Deploy your first XIM

Prerequisites

A Linux host with one of: Nvidia CUDA GPU (compute capability 7.5+), AMD ROCm GPU (gfx906+), or AMD EPYC CPU with ZenDNN. CPU-only runs are supported for development but very slow for production.
Container runtime: podman or docker with the appropriate GPU toolkit (nvidia-container-toolkit or ROCm device-plugin).
At least 50 GiB free disk for the model cache (more for larger models). The agent caches models under ~/.cache/xerotier/models by default; override with XEROTIER_AGENT_MODEL_CACHE_PATH or by mounting a volume at that location.
Outbound HTTPS to the router URL (for enrollment) and outbound TCP to the router's CurveZMQ port (for the data plane).
An API key with the management scope on your laptop, for minting the join key.

Step 1: Create a Join Key

From your workstation, mint a join key against the router that the XIM should enroll with. The --router-addr value is the CurveZMQ address the agent will dial after enrollment.

bash

xeroctl agents join-keys --create \
    --name xim-gpu-pool \
    --region us-east \
    --router-addr tcp://router.example.com:5555 \
    --ttl-seconds 900 \
    --supported-tiers gpu

                

Transcript:

text

Join key 'xjk_demo_abcdef0123456789wxyz' created successfully.

Join Token: eyJhbGciOi...
Save this token, it will not be shown again.
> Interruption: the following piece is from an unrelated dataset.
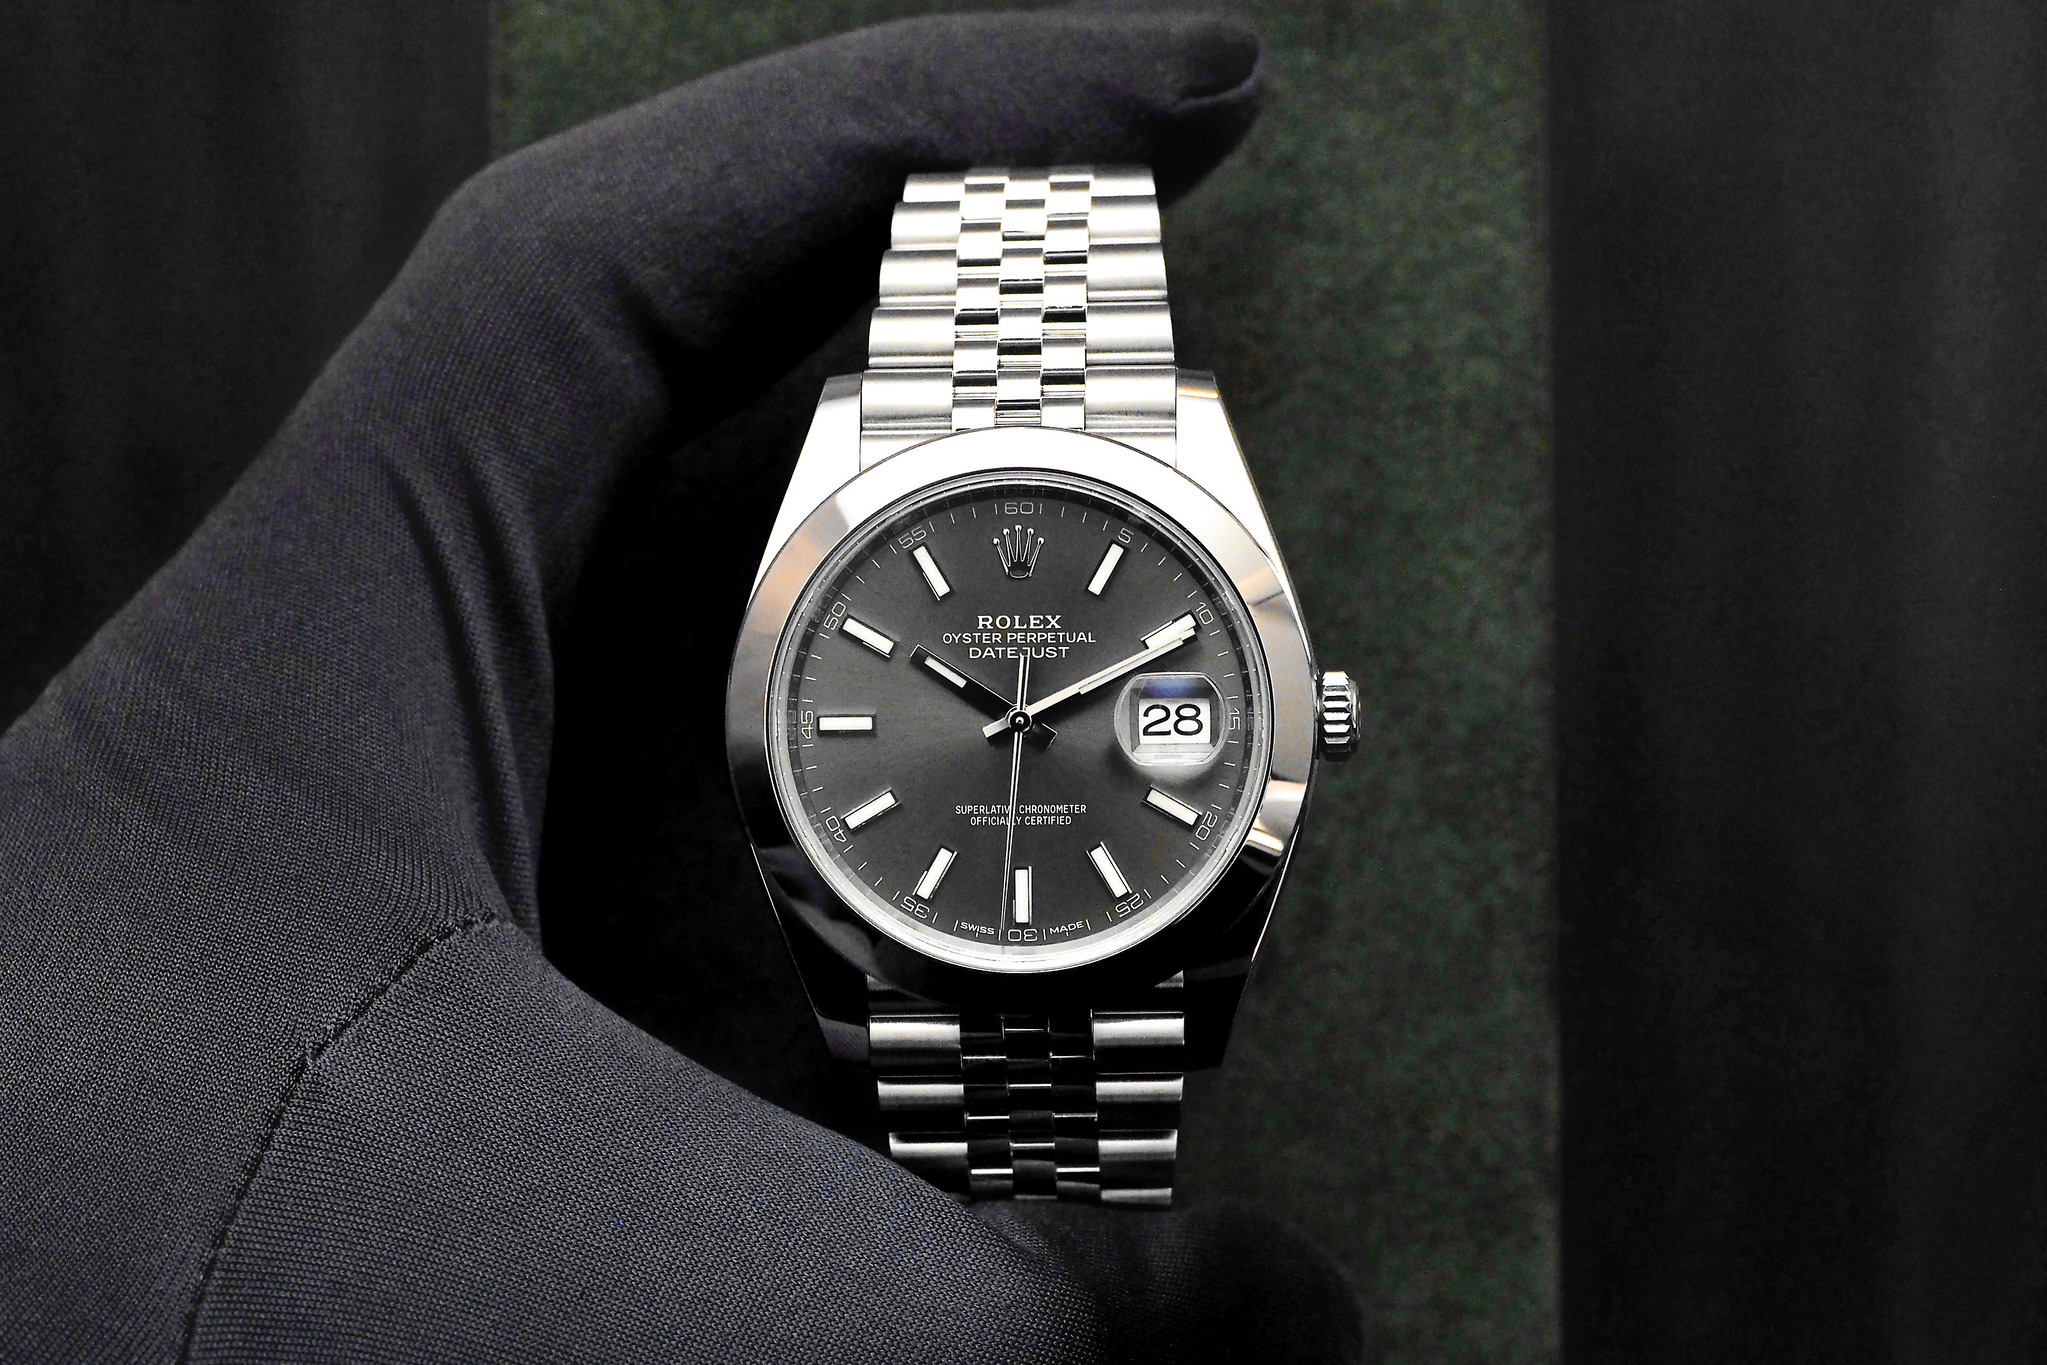 Rolex Datejust 41 in Steel with Dark Rhodium dial and

  ID: xjk_demo_abcdef0123456789wxyz
  Name: xim-gpu-pool
  Region: us-east
  Max Enrollments: 1
  Expires: 2026-04-22T03:30:00Z

                

Copy the JWT. The token is TTL-bounded by --ttl-seconds and capped to --max-enrollments. Once consumed it cannot be reused. The router assigns each enrolled XIM a stable worker identity, which is persisted in the agent's state directory.

The minting account's API key must carry the management scope. Mint one from the API Keys page if you do not already have one.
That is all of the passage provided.